Commands: insmod, lsmod, rmmod, modprobe, modinfo
Simple kernel module/driver
/* simple driver code
* Author: Vinod Sasidharan
*/
#include
#include
#include
static int __init hello_init(void)
{
printk(KERN_INFO "Hai: Hello connected");
return 0;
}
static void __exit hello_exit(void)
{
printk(KERN_INFO "Bye: Hello disconnected");
}
module_init(hello_init);
module_exit(hello_exit);
MODULE_LICENSE("GPL");
MODULE_AUTHOR("Vinod Sasidharan");
MODULE_DESCRIPTION("Simple kernel module");
Makefile [Use this for all kernel modules; do change the name(hello.o)]
obj-m+=hello.o
all:
make -C /lib/modules/$(shell uname -r)/build M=$(shell pwd) modules
clean:
make -C /lib/modules/$(shell uname -r)/build M=$(shell pwd) clean
install:
make -C /lib/modules/$(shell uname -r)/build M=$(shell pwd) modules_install
Commands
$ sudo su
$ make
$ insmod hello.ko
$ lsmod | grep hello
$ dmesg | tail -10
$ rmmod hello
$ dmesg | tail -10
$ objdump -d hello.ko
$ nm hello.ko
Tested on: Ubuntu 11.04 - the Natty Narwhal
printk n kernel c
- Floating point is not supported in Linux kernel.
- When programming for the kernel, we don't bother about the float formats %f, %lf.
- All printk calls put their output into the (log) ring buffer of the kernel. Then the syslog daemon running in the user-space picks them up for final processing and re-direction to various devices as configure in the configuration file /etc/syslog.conf [Ubuntu: /etc/sysctl.conf]
- Typical destination: /var/log/messages
- A user space utility 'dmesg' is provided to directly parse the kernel ring buffer, and dump it to standard output.
- Kernel C is just standard C with some additional extensions from the C compiler.
- All functions with __init are supposed to be executed only once during boot up. So after their execution, kernel frees up RAM by removing them.

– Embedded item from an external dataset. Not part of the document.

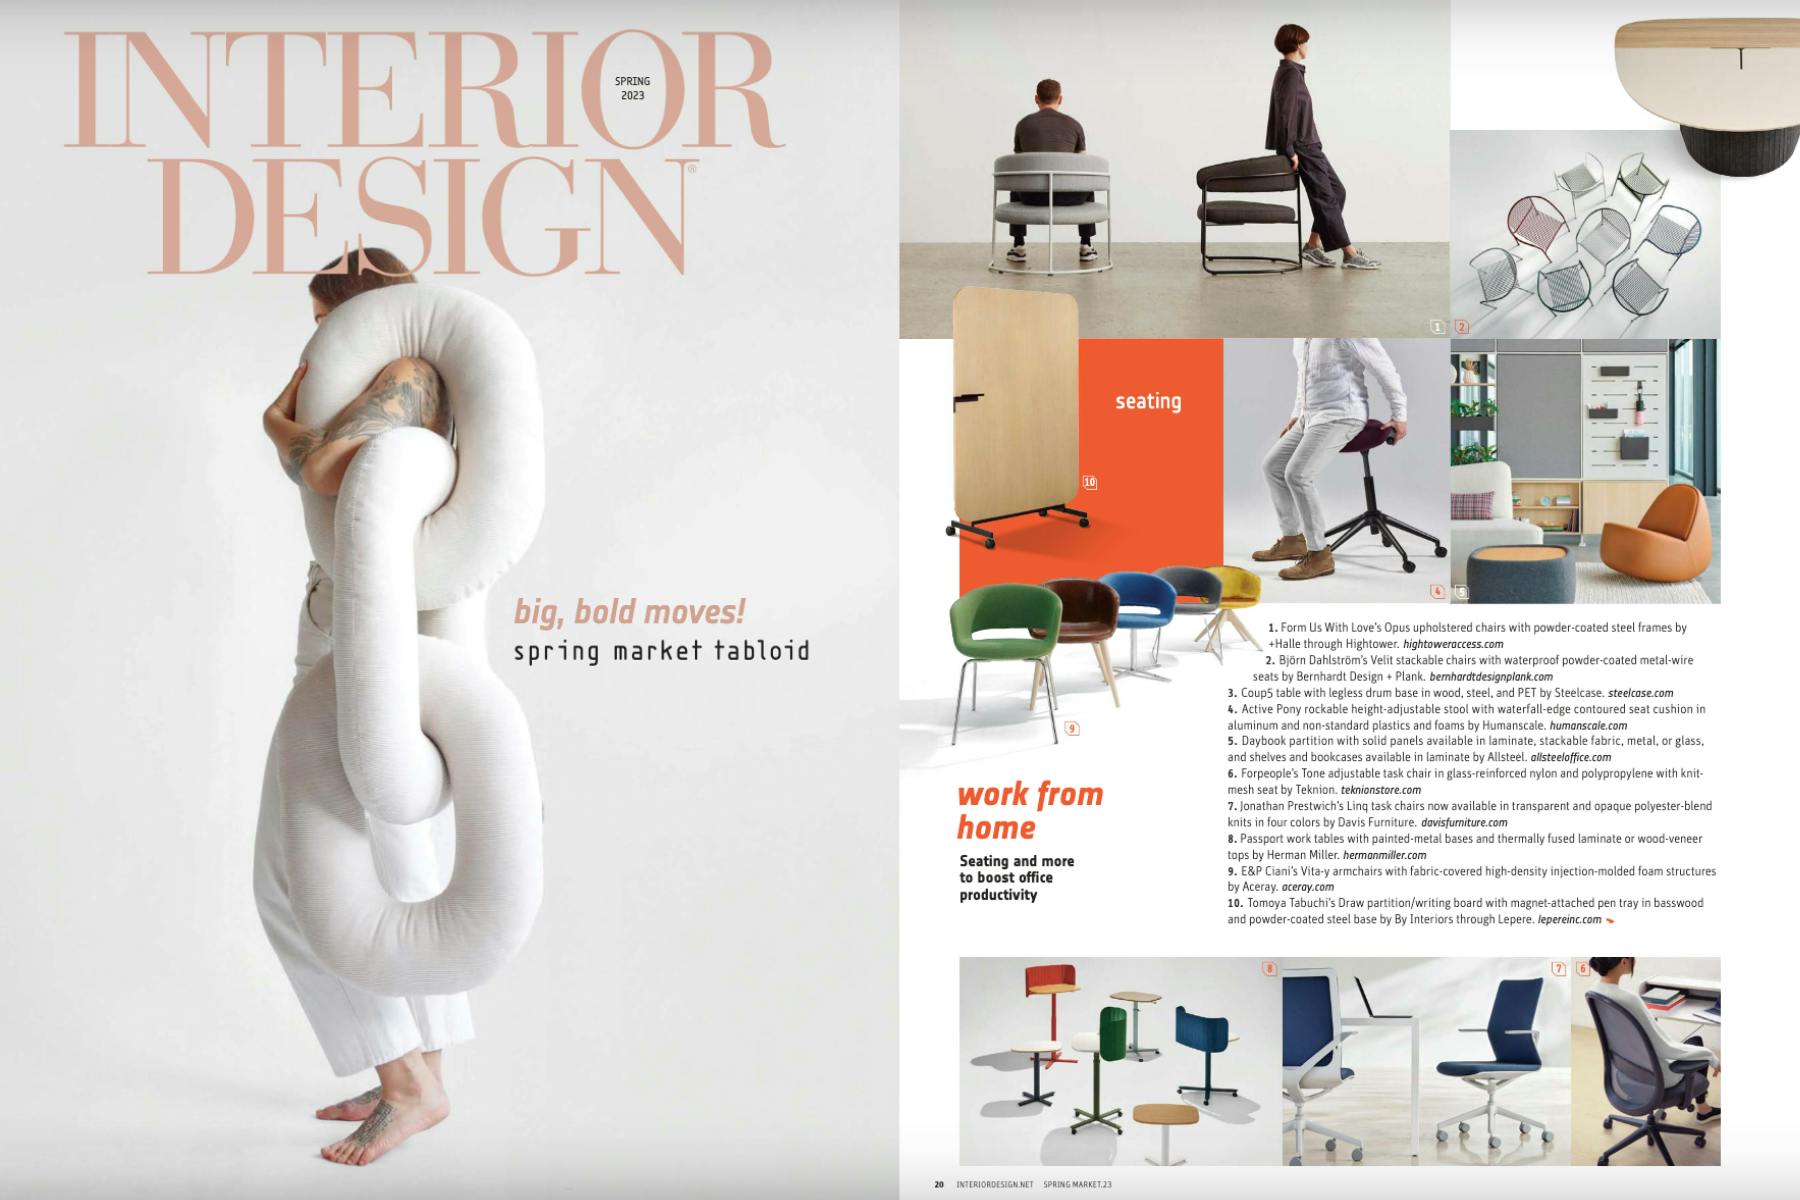 Opus featured in Interior Design's Spring Market Tabloid

- Functions in the exit section are supposed to be called during system shut down.
Character Drivers
Fig: Character driver |
If we write drivers for byte-oriented operations (or character oriented operations) then we refer to them as character drivers.
4 entities
- Application
- Character device file
- Character device driver
- Character device
- Character driver usage is done by the user space application through the character device file linked to it through the virtual file system (VFS).
- An application does the usual file operations on the character device file.
- Those operations are translated to the corresponding functions in the linked character device driver by the VFS.
- Those functions then do the final low-level access to the actual device to achieve the desired results.